* _WHAT YOU WILL DO_: From the records below, print only the part that opens with the line containing "Block Advisors - Katy, TX" and closes with the line containing "The Rachel Dress"; omit the pictures.

* _EXERCISE DATA_:

* * * * *

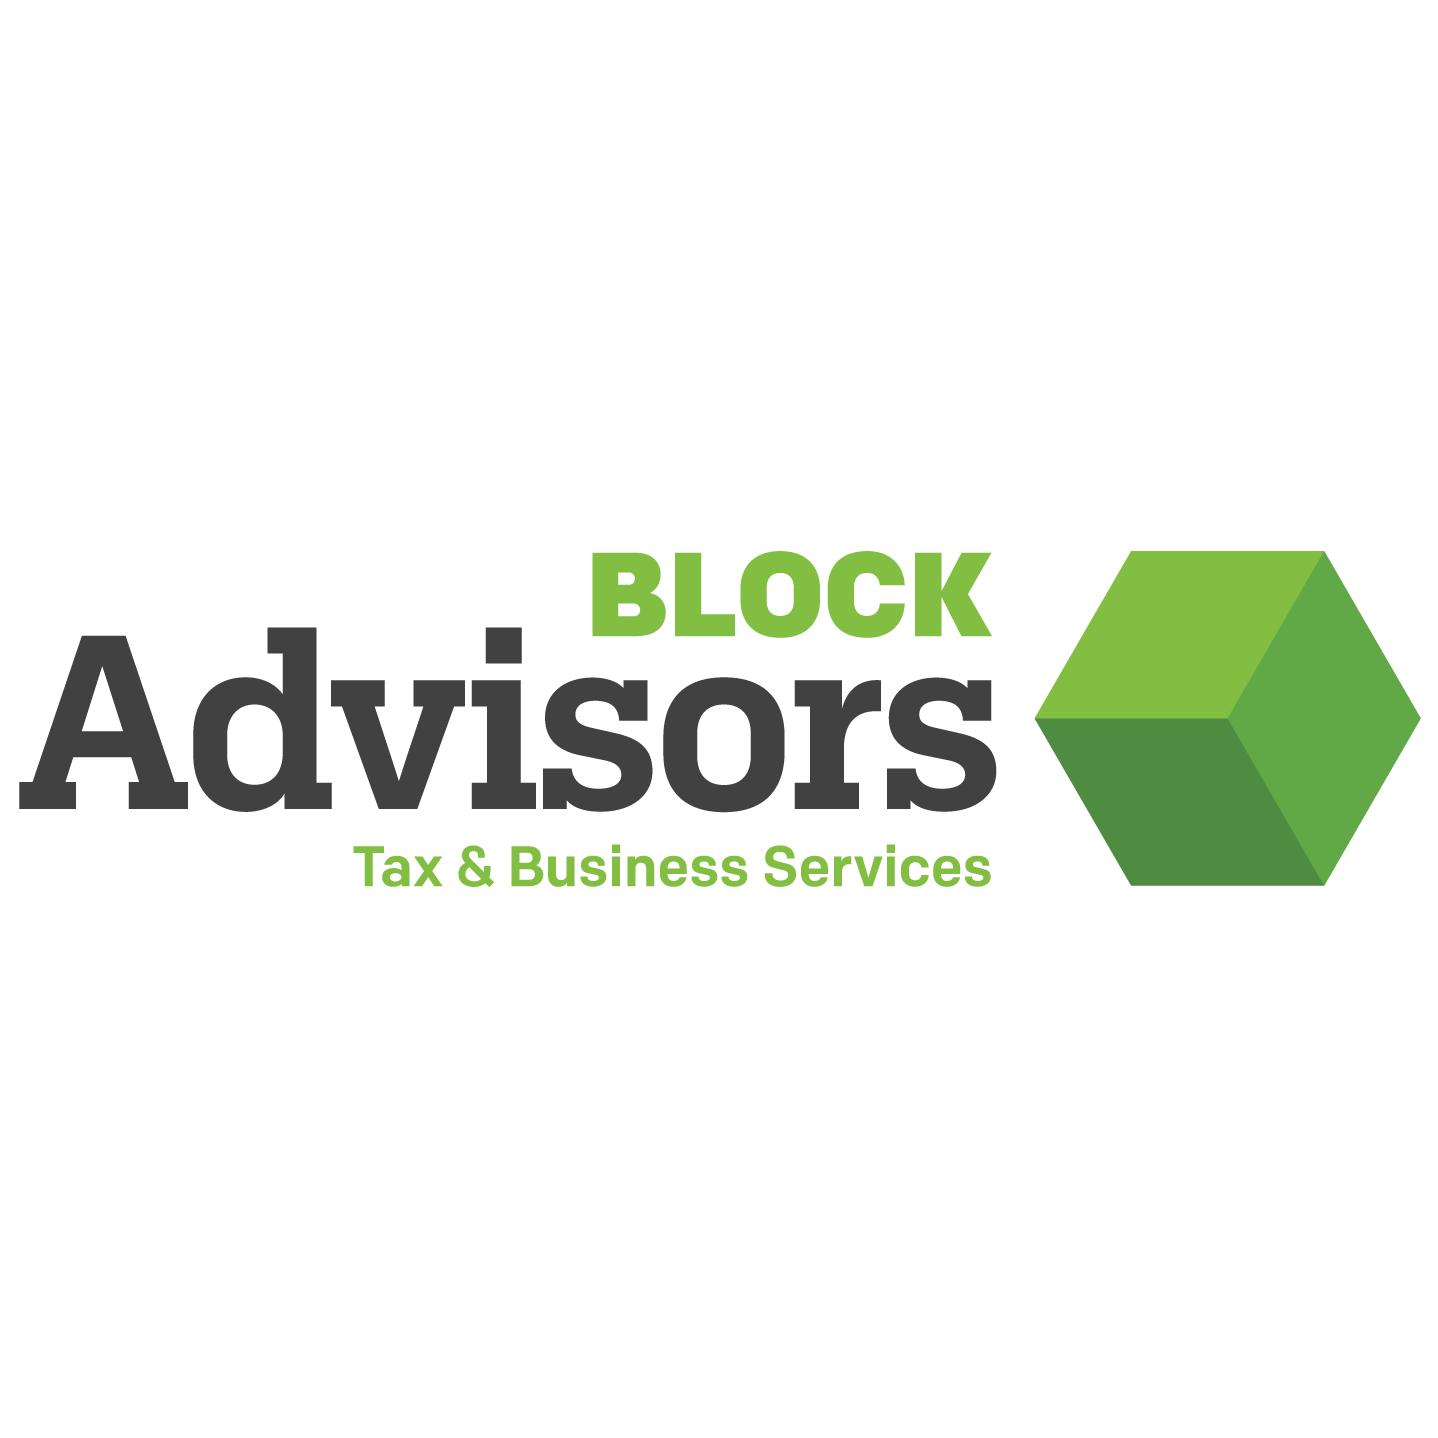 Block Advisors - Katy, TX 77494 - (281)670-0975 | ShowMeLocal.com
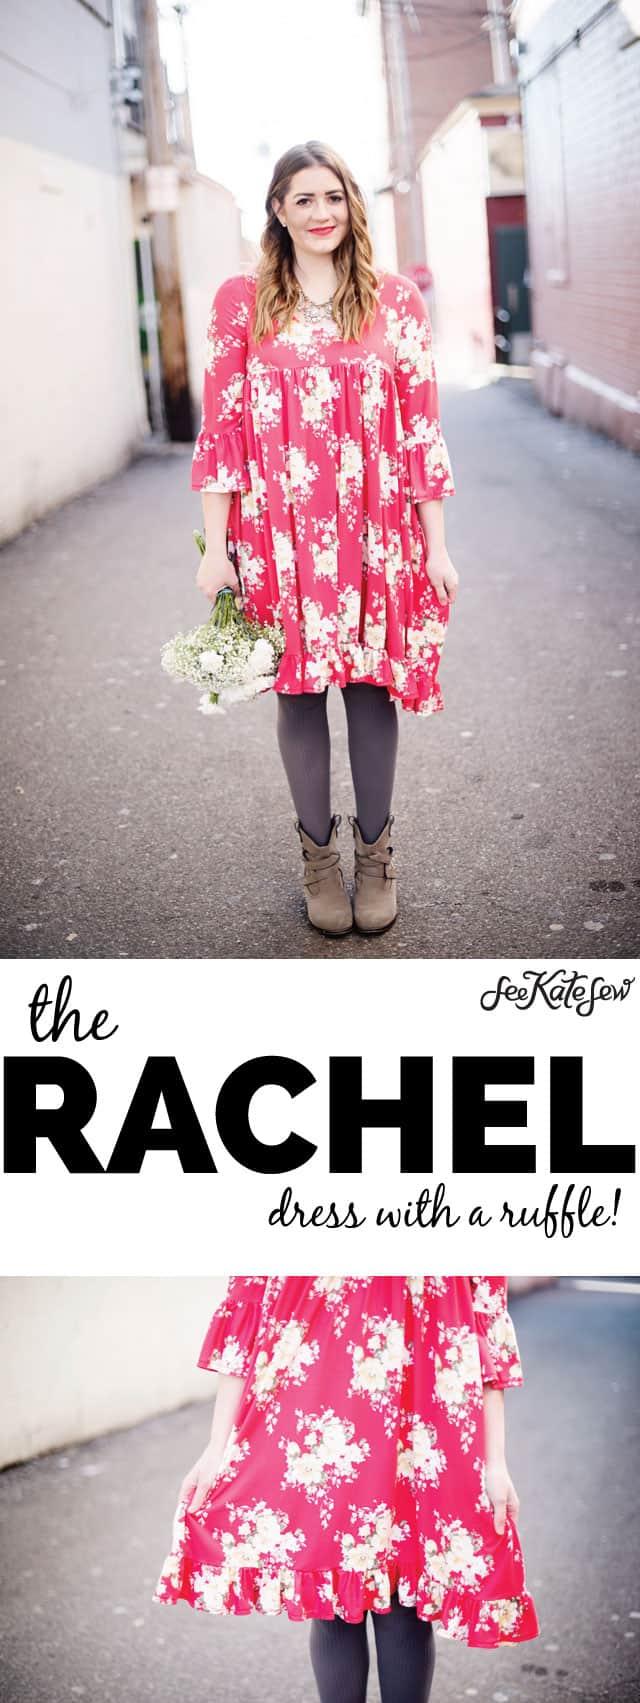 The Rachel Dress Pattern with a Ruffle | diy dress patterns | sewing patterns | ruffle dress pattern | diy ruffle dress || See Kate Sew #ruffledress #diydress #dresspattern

* * * * *

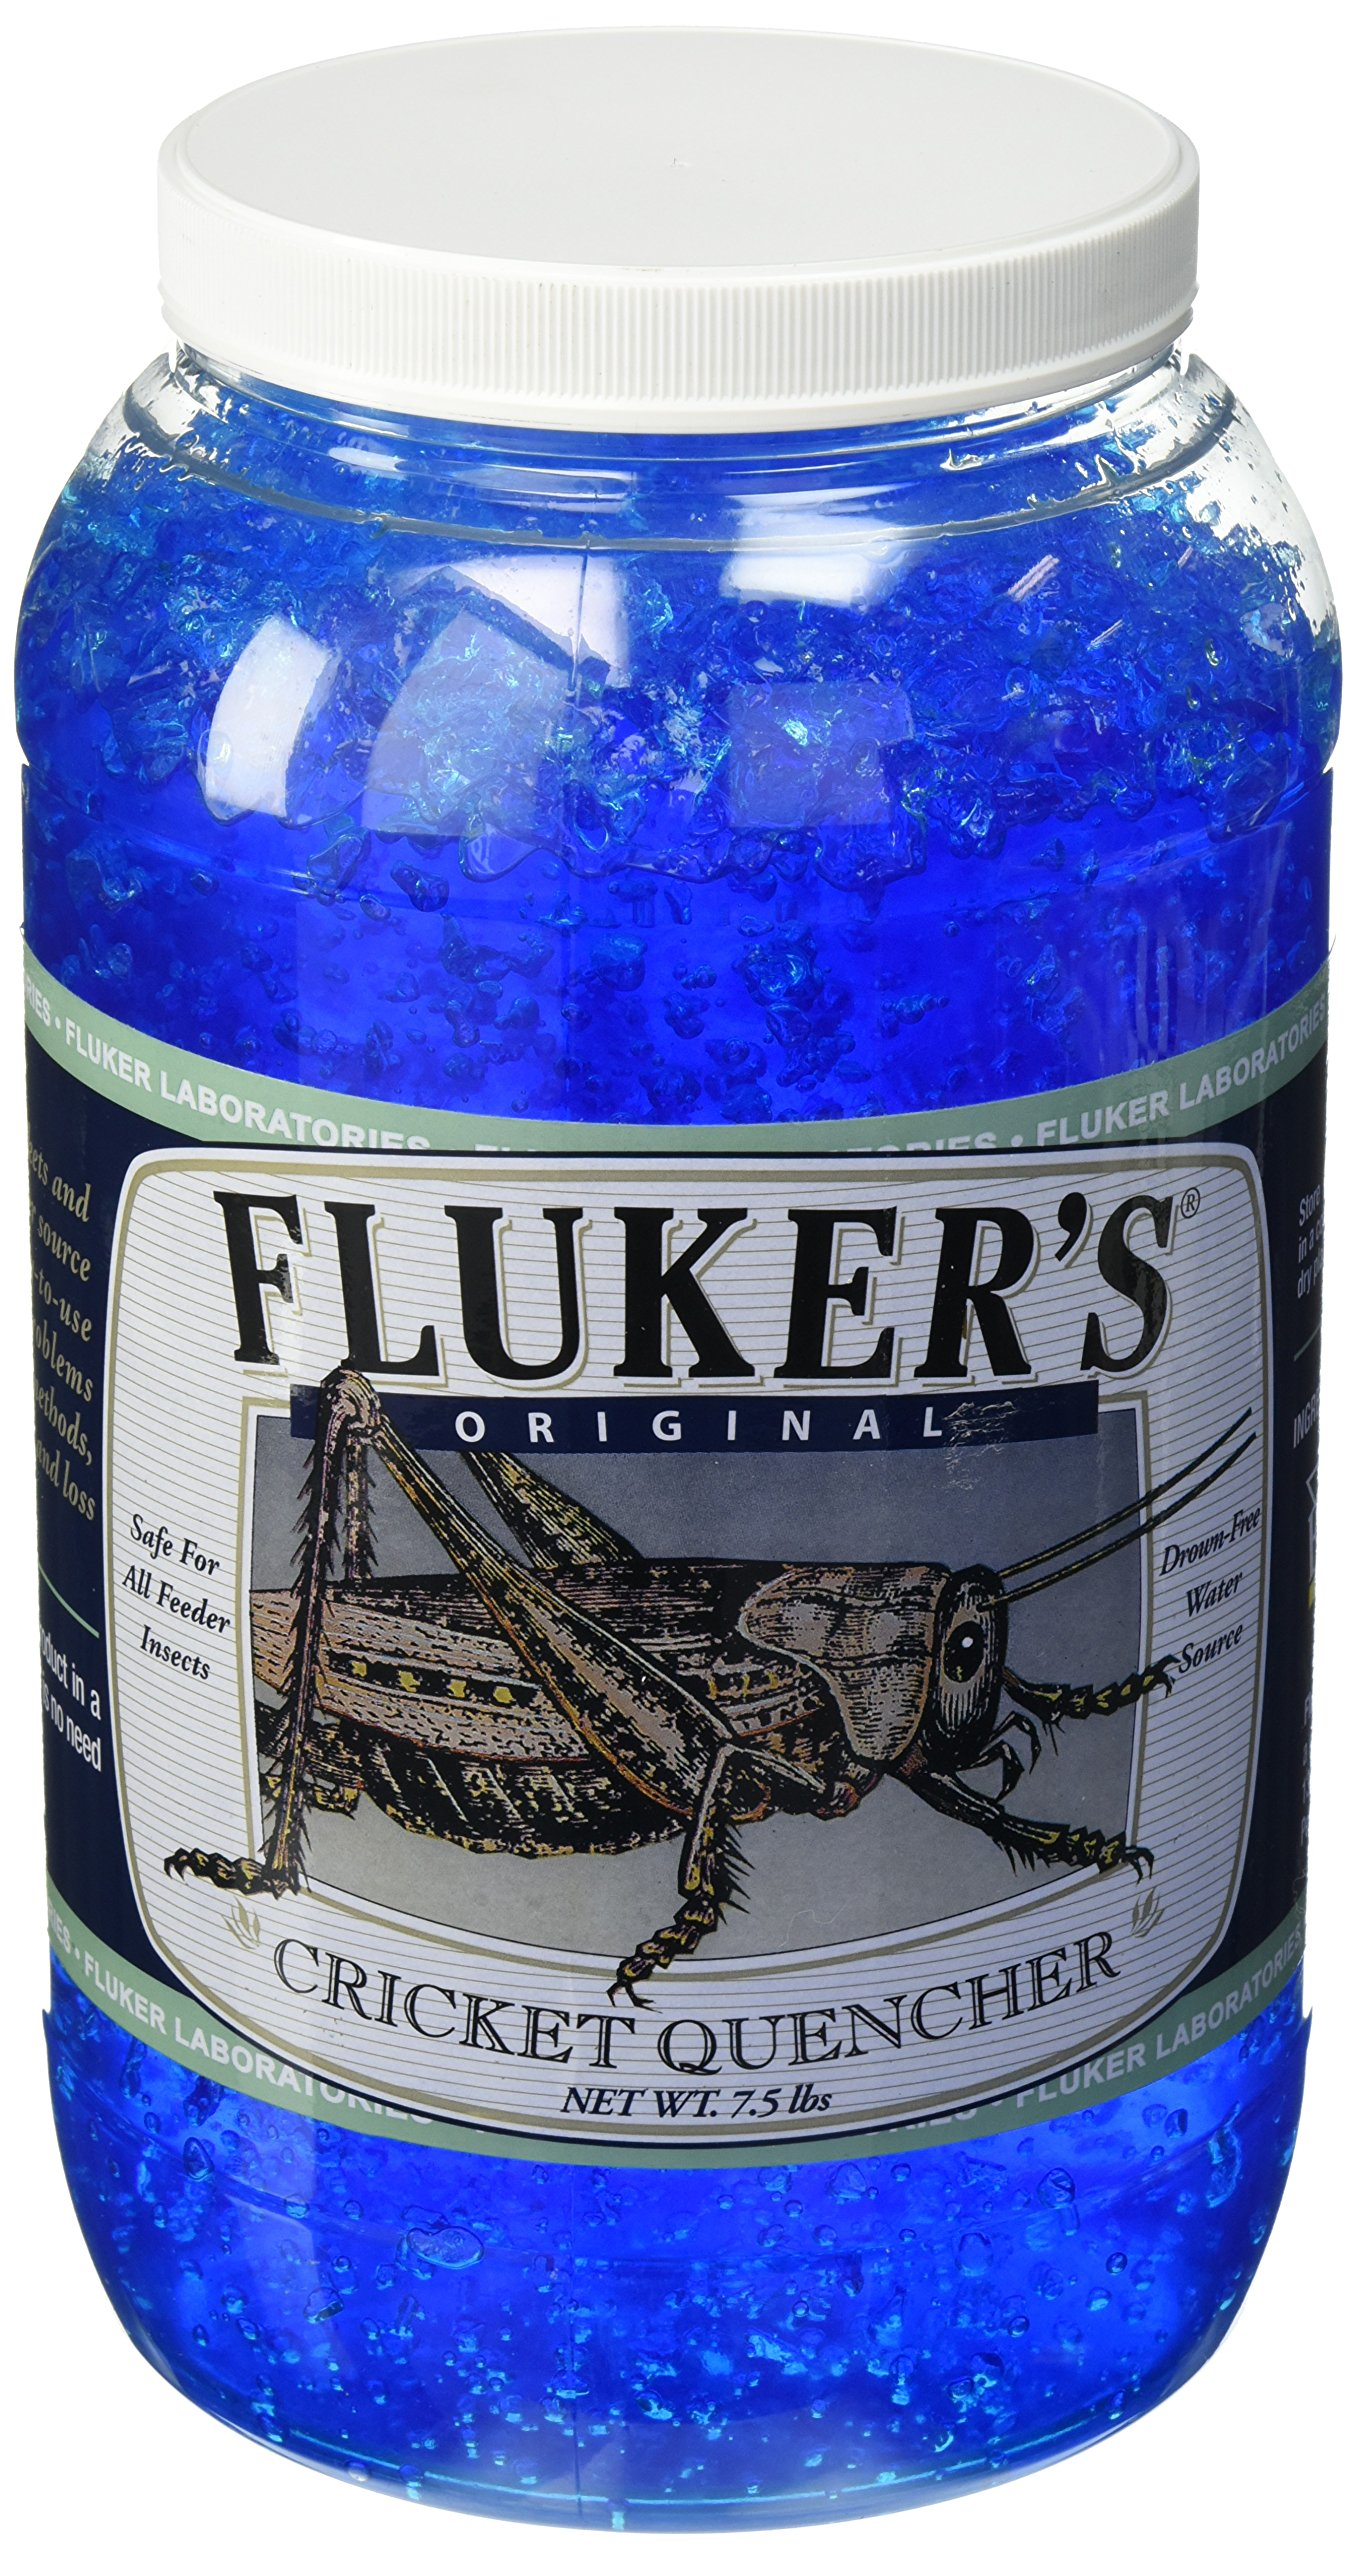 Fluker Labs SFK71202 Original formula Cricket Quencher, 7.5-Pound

* * * * *

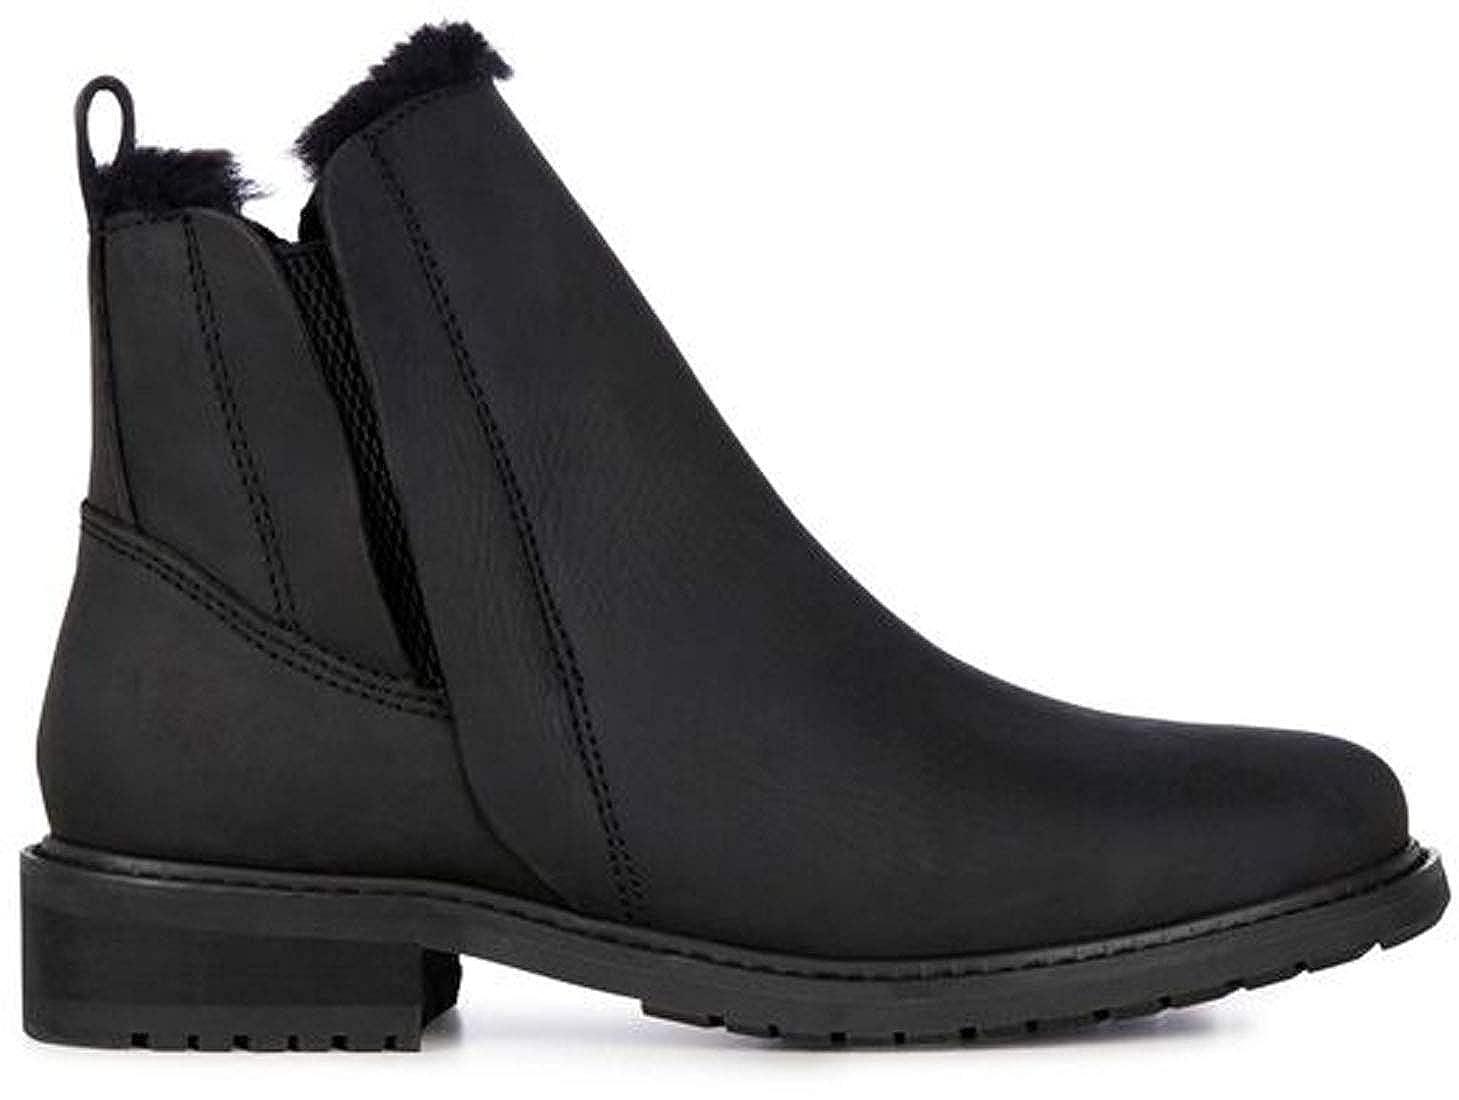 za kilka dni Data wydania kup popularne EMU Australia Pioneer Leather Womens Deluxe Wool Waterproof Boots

* * * * *

* _EXERCISE RESULT_:
 Block Advisors - Katy, TX 77494 - (281)670-0975 | ShowMeLocal.com
 The Rachel Dress Pattern with a Ruffle | diy dress patterns | sewing patterns | ruffle dress pattern | diy ruffle dress || See Kate Sew #ruffledress #diydress #dresspattern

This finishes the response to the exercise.